Exercise instructions
Leave out the images and repeat the listing below without a single change.

Collected data
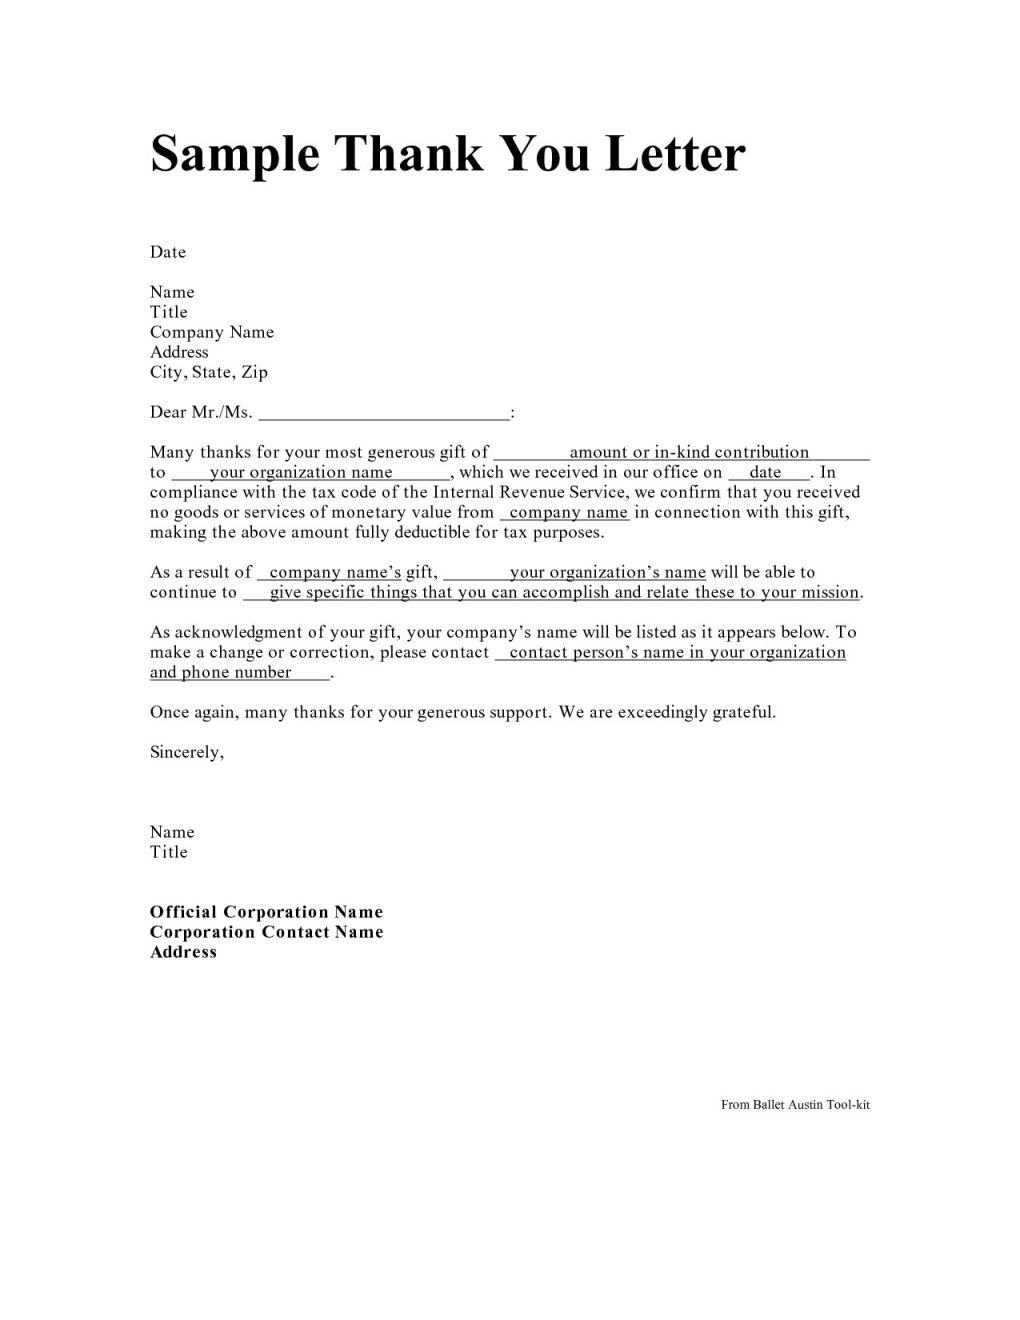 free thank you letter template Collection-Relatively Free Reume Templates Elegant Free Templates Best Ivoice Template 0d Will Sample Format ux9 19-m
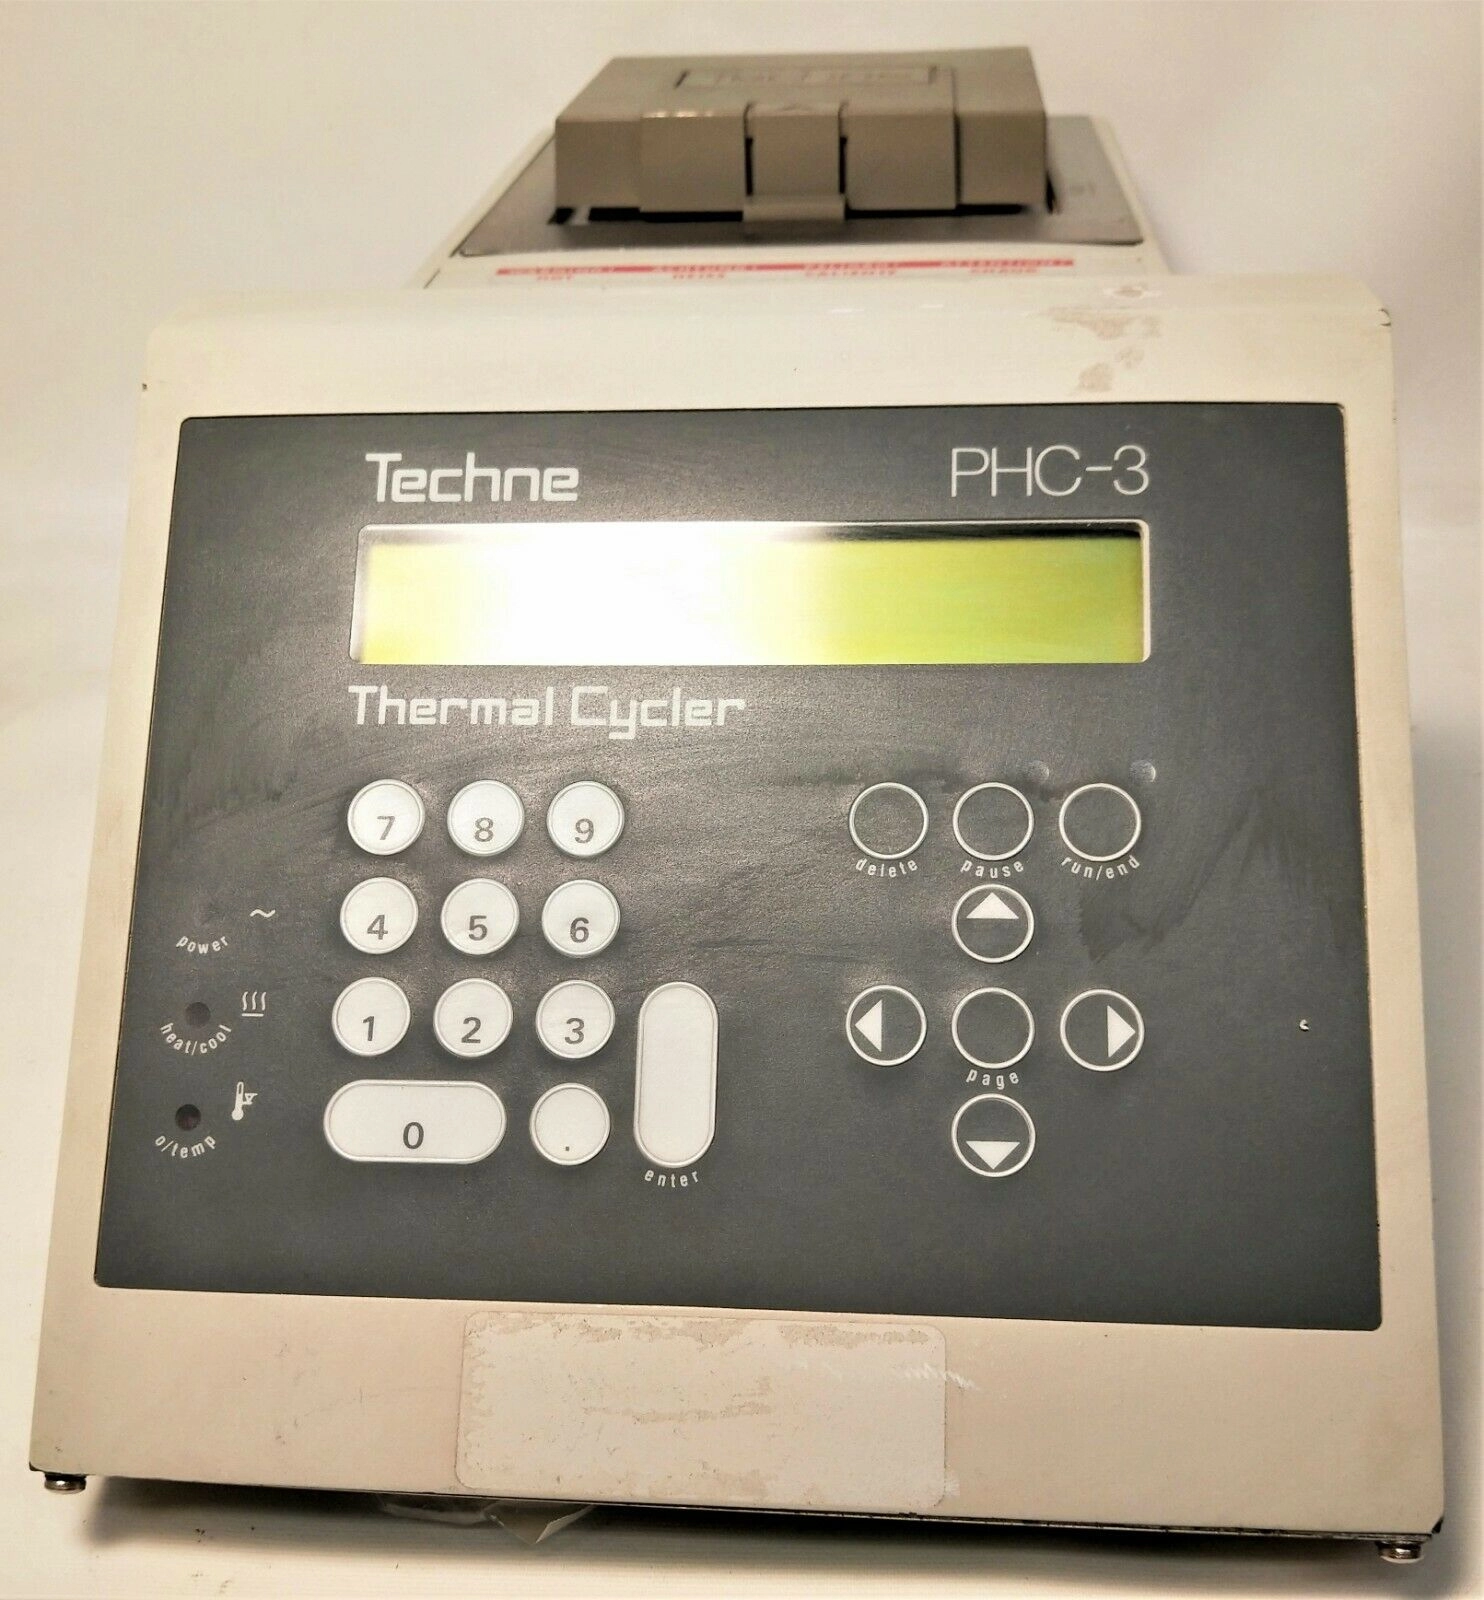 Techne PHC-3 Thermal Cycler
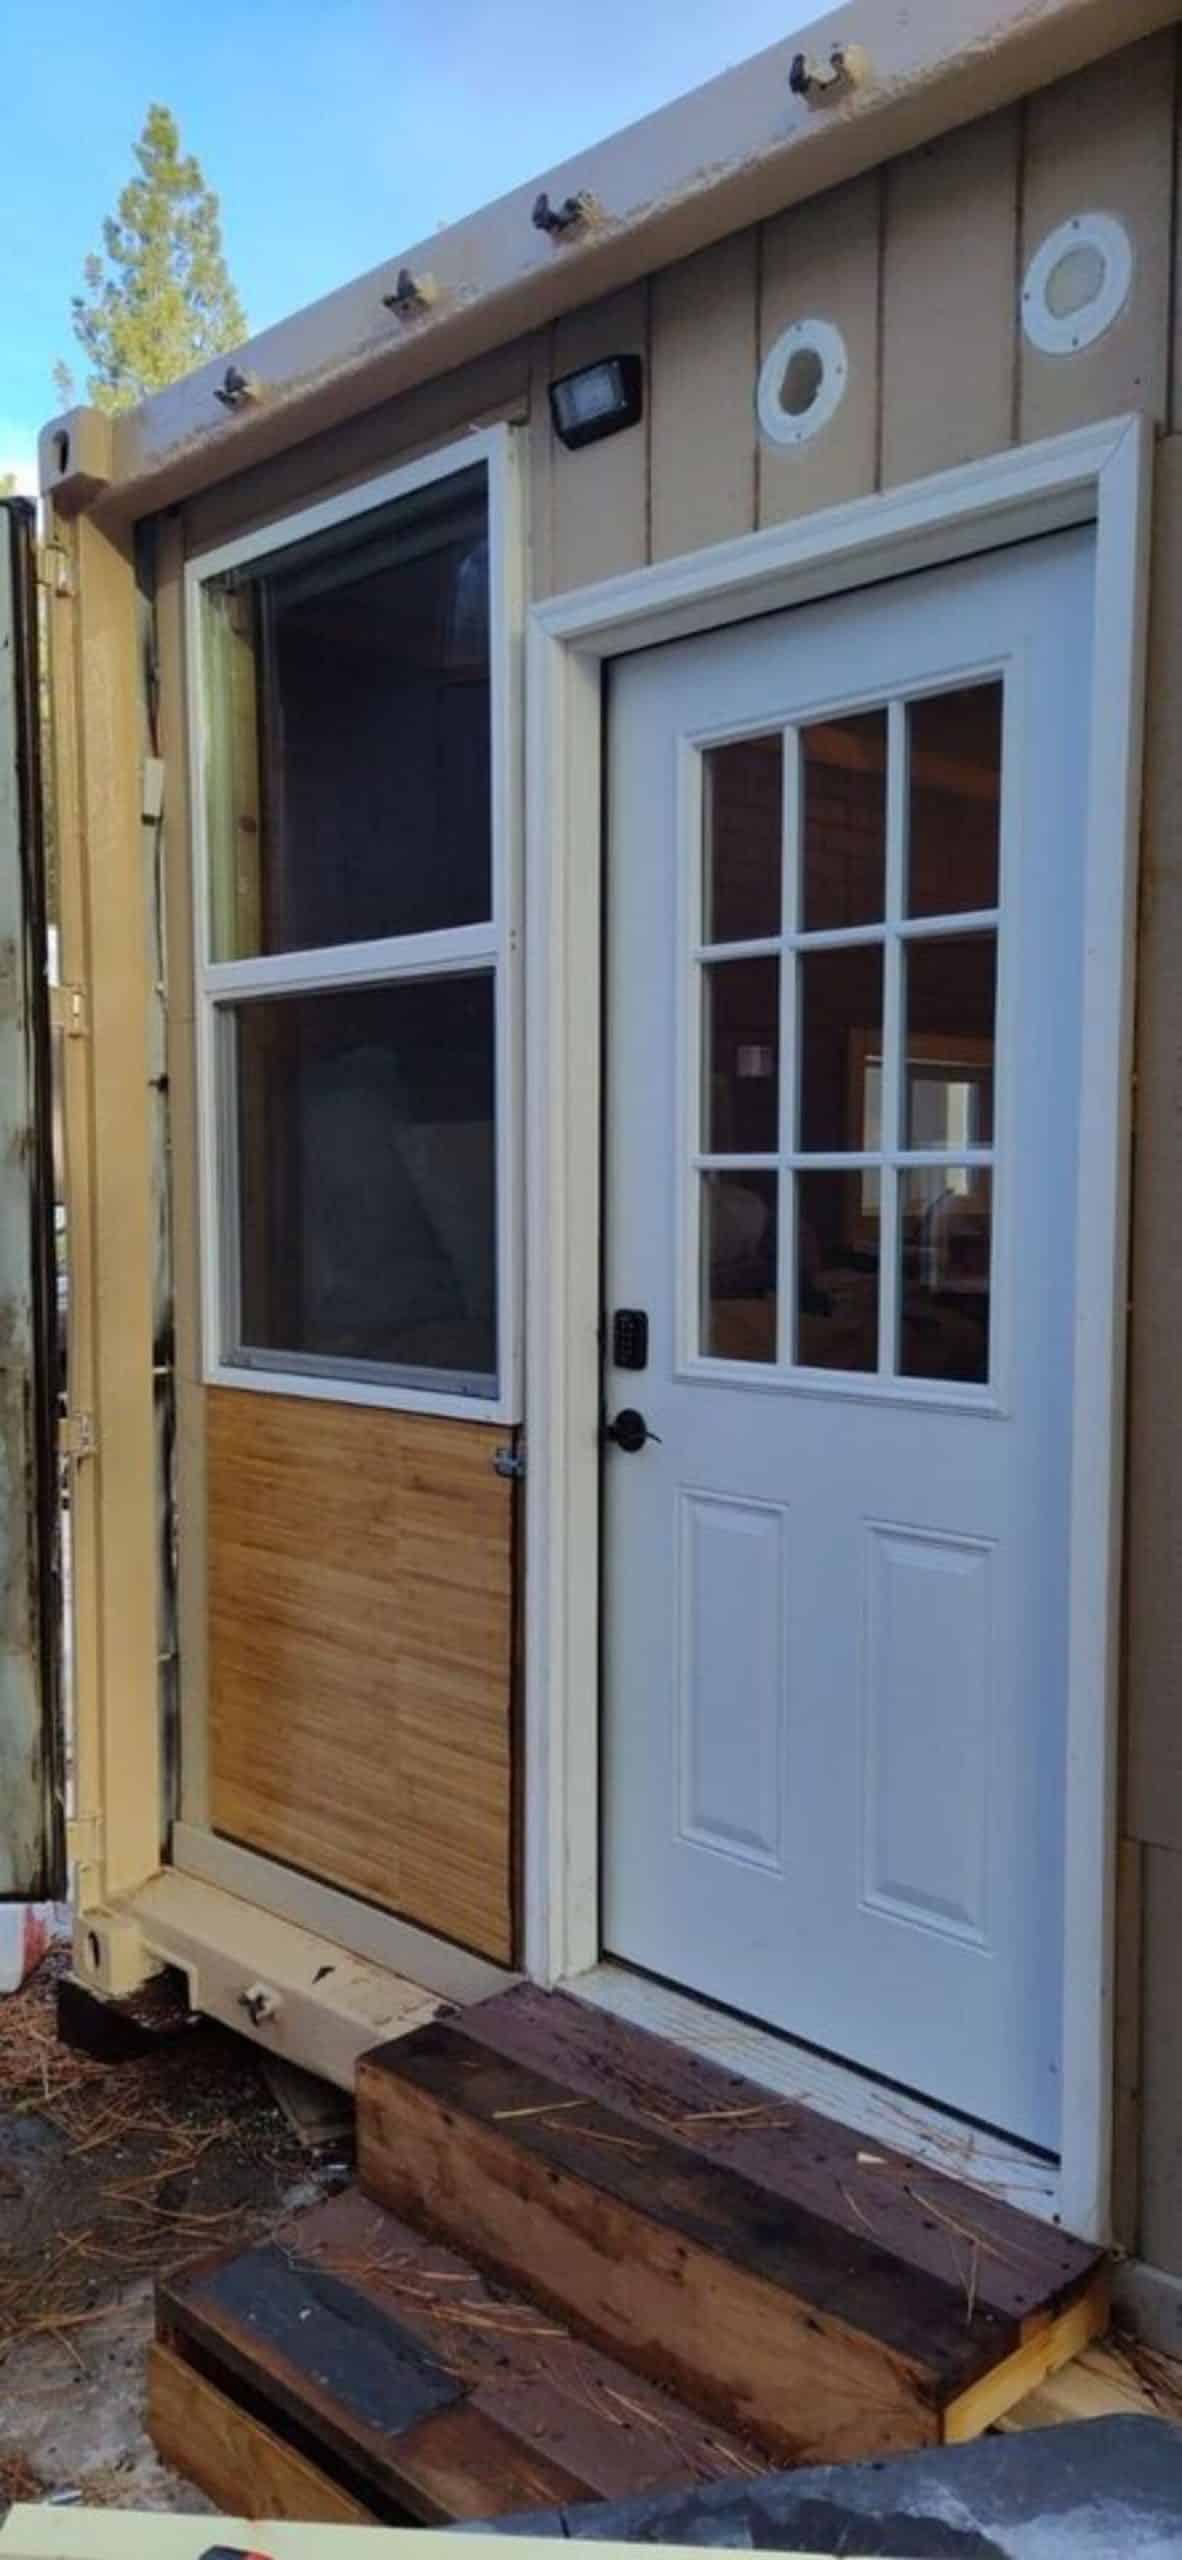 main door view of insulated container home

Result of this exercise
 free thank you letter template Collection-Relatively Free Reume Templates Elegant Free Templates Best Ivoice Template 0d Will Sample Format ux9 19-m
 Techne PHC-3 Thermal Cycler
 main door view of insulated container home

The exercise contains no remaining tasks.